Enquanto a primeira metade do filme é comercial e pervertida, tanto em forma e conteúdo, a segunda é natural e humanista. O olho da câmera voyeurista da primeira, que documenta os horrores da sociedade em detalhe limpo e calculado, é posto em liberdade na segunda, onde ele sobe a montanha com os personagens em um nível pessoal. O público não é mais um estranho passivo que é indiciado pelos crimes que está assistindo, mas em vez disso torna-se um outro jornaleiro procurando as soluções para os problemas do mundo. As cores vibrantes e burguesas da primeira metade dão lugar aos tons suaves de terra da segunda; uma paleta de cores natural que liberta o espectador e os personagens da indulgência e ganância da sociedade consumista.
Jodorowsky empresta seu final aos radicalismos da new wave, pela forma como ele concluiu seu filme, abordando seu público diretamente. Ele não quer que sua ideologia humanista fique contida na película, ele quer influenciar a vida do espectador e tornar o mundo um lugar melhor. Ao acabar o filme com este comentário direto, onde ele quebra e desfoca a cena revelando a equipe de filmagem, serve como um meio de quebrar a ilusão do filme e provocando diretamente a artificialidade do cinema. Este zoom garante que Jodorowsky está sendo honesto com seu público, deixando que eles saibam que ele está os apresentando com sua ideologia. Este apelo à honestidade faz de Jodorowsky tanto cineasta e profeta; o alquimista na tela é o mesmo que o diretor de fora da estrutura, ambos são o mesmo personagem.

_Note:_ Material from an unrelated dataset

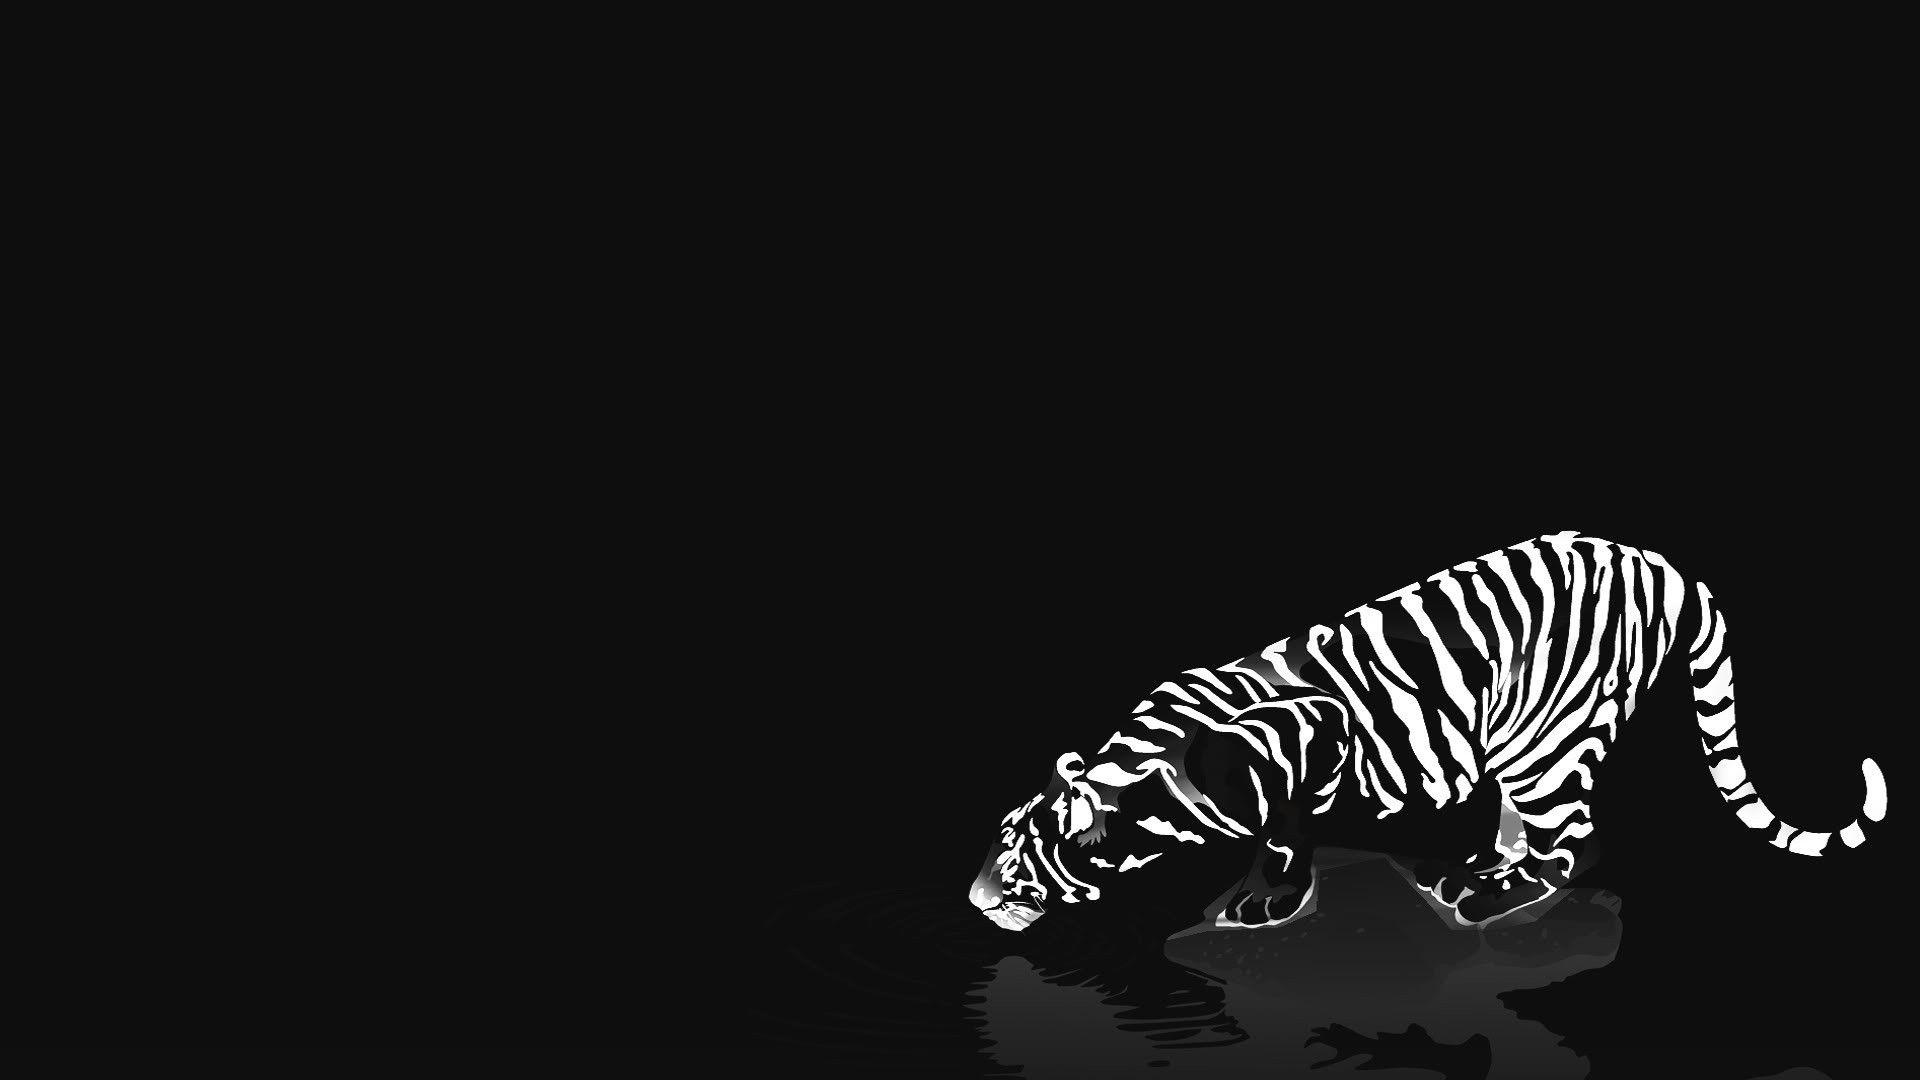 Tiger Art, Free Download Wallpaper
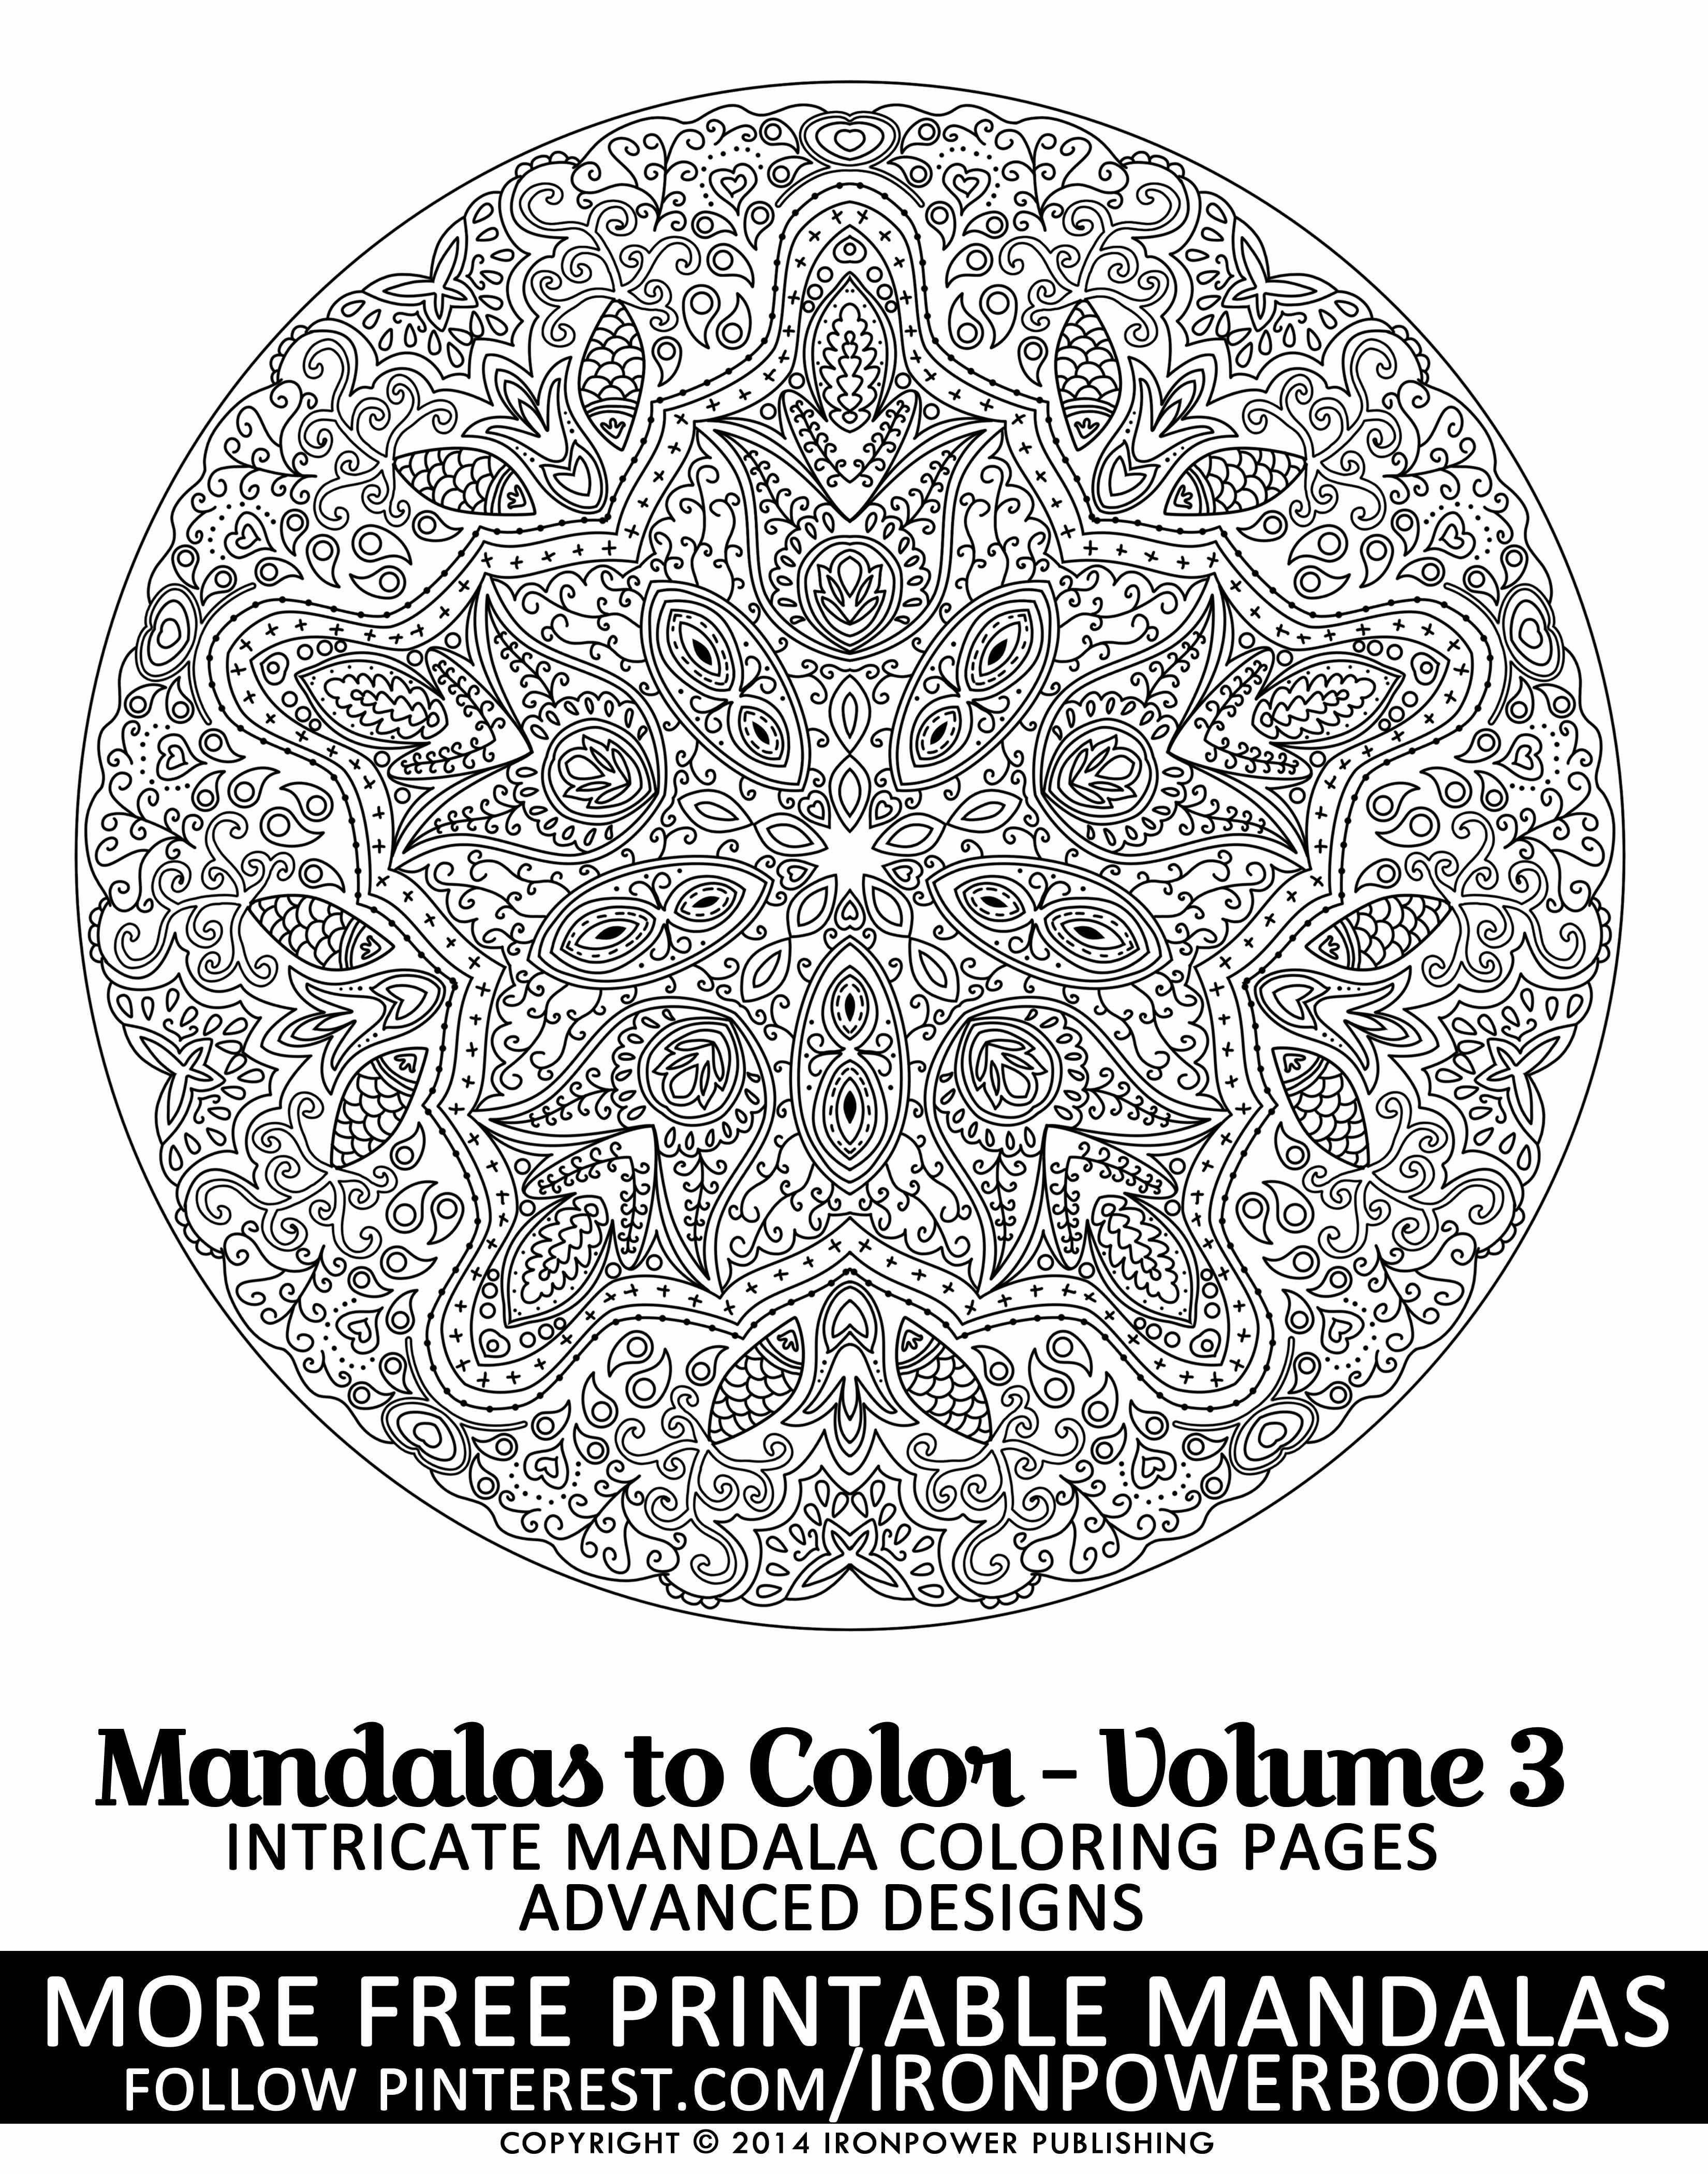 Intricate Mandala Design to Color | Art Therapy | Mandala Intricate ...

A Montanha Sagrada é uma das maiores obras de arte política produzidas no século XX. Jodorowsky aborda as questões da sociedade, sem enganar o espectador, e através da utilização de imagens surreais ele é capaz de aumentar sua sátira sem se tornar demasiado sentencioso. Este filme é perfeito em um nível visual, e apresenta algumas das imagens mais memoráveis e lindamente fotografadas de sempre. Cada cena é cuidadosamente trabalhada para que ela executa um efeito específico sobre o espectador, e não, Jodorowsky não se coíbe de quebrar um tabu a fim de fazer um ponto. Nenhum outro filme parece ou se comporta da maneira que este fez, e nada mais nunca o fará.
Excelente texto! E quando eu insisto em dizer que a década de 70 foi a mais rica para a história do cinema, este filme está entre os responsáveis por isso.
Excelentes os comentários da Stephanie Bratz acerca do filme "A Montanha Sagrada", a que assisti ontem. Em meu entender, crítica é isso que a Stephanie fez: clareza, objetividade, evitando linguagem afetada e "preciosismos".
Quanto ao filme, gostei muito dele, embora ainda prefira (questão de gosto pessoal) "El Topo", do mesmo diretor, assistido na semana passada.